A drop-down box appears at the top of the screen with a filepath. We need to change this to /scratch/c.c1234567/rnaseq-course and then click ‘OK’.
You may be prompted ‘Do you trust the authors this folder?’. Click ‘Trust all authors’ or ‘Yes’.
You will now see that the directory will be open on the left of the window.
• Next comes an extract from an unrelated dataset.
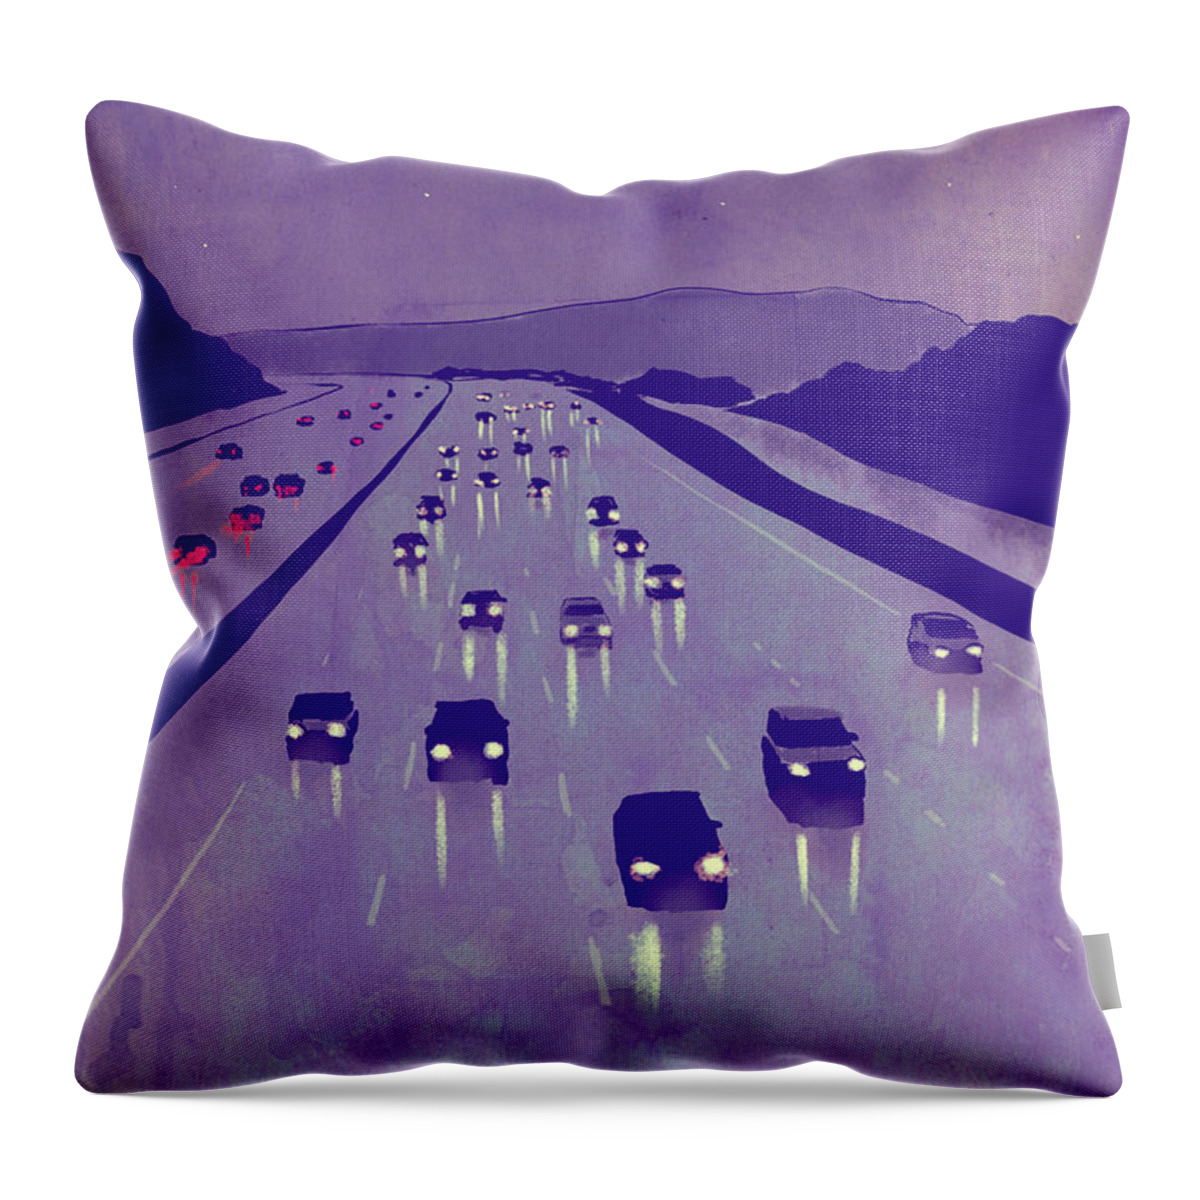 Storyboard Artist Throw Pillow featuring the drawing Nightscape 01 by Giuseppe Cristiano
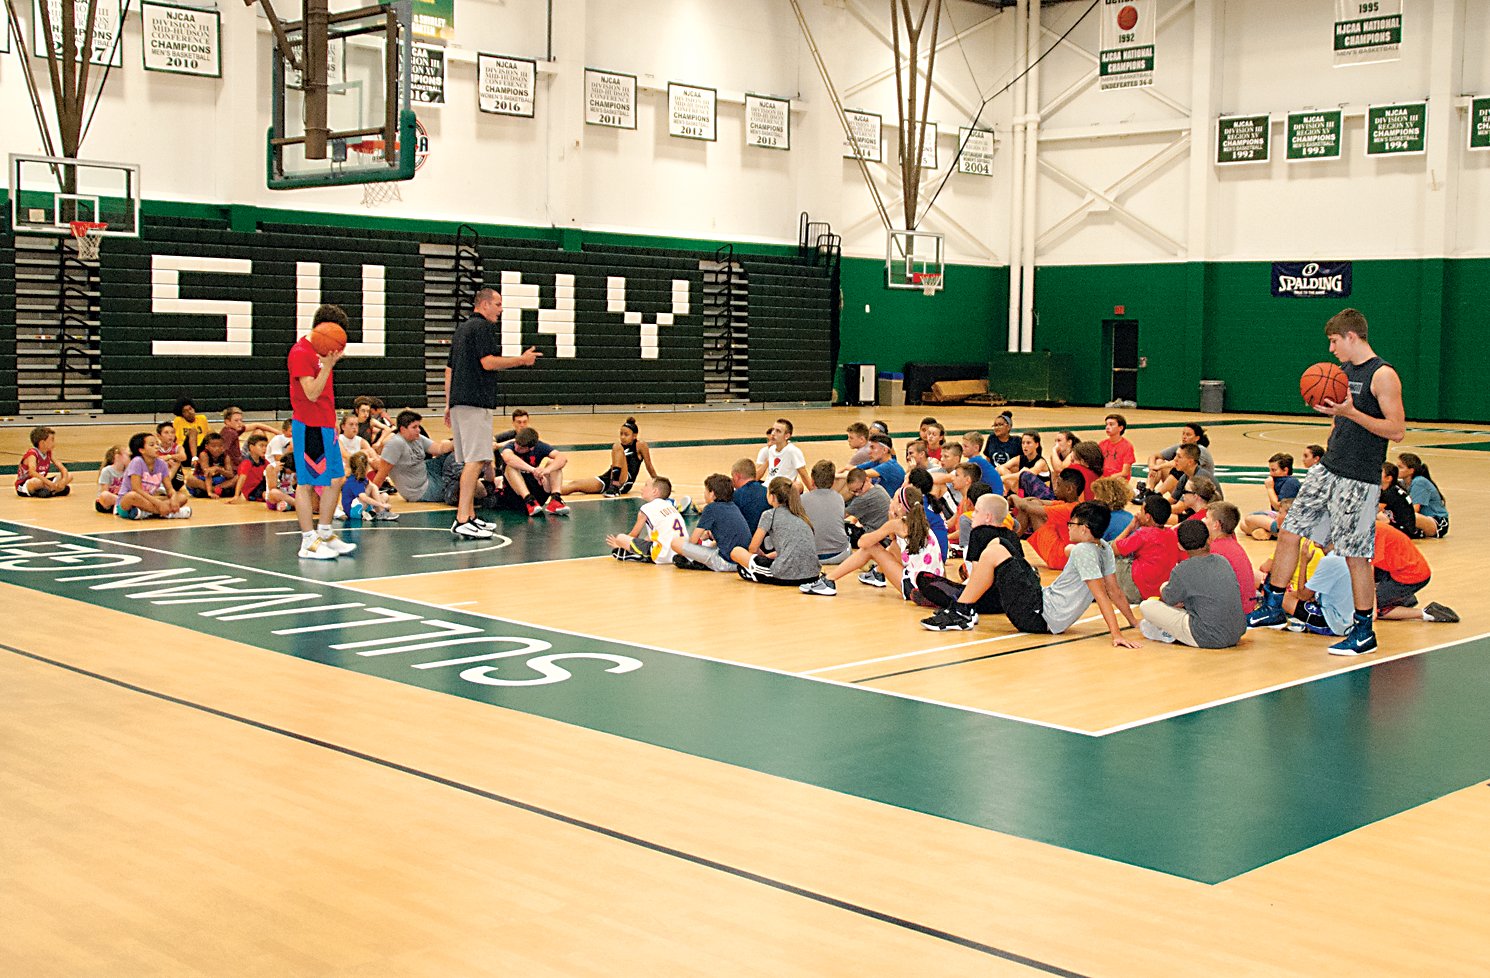 The SUNY Sullivan Basketball camp has been around for more than 20 years and offers young athletes the opportunity to learn and develop their skills.

Opening a terminal window in VSCode

Click on ‘Terminal’ at the top of your screen and select ‘New Terminal’.
In the terminal window at the bottom of your screen, paste the following:

# log on to the cla1 node
ssh cla1

# move to the working directory (scratch)
cd /scratch/c.c1234567/rnaseq-course

#load tmux
module load tmux

#open our tmux session
tmux attach -t fetchngs

Upon opening the session, we should have a window that looks like this:

tmux fetchngs completed run

You should also see the following text at the end (we will cover the message shortly):

Checksums match: All downloaded files are verified successfully.

Linux Users

#log onto HAWK
c.c1234567@hawklogin.cf.ac.uk
PASSWORD

# Swap to the cla1 node
ssh cla1

# move to the working directory (scratch)
cd /scratch/c.c134567/rnaseq-course

#load tmux
module load tmux

#open our tmux session
tmux attach -t fetchngs

In this situation, the process took 25 minutes. As all of us were using the pipeline at the same time, these times will likely vary. Download times will also depend on the size and number of files being downloaded.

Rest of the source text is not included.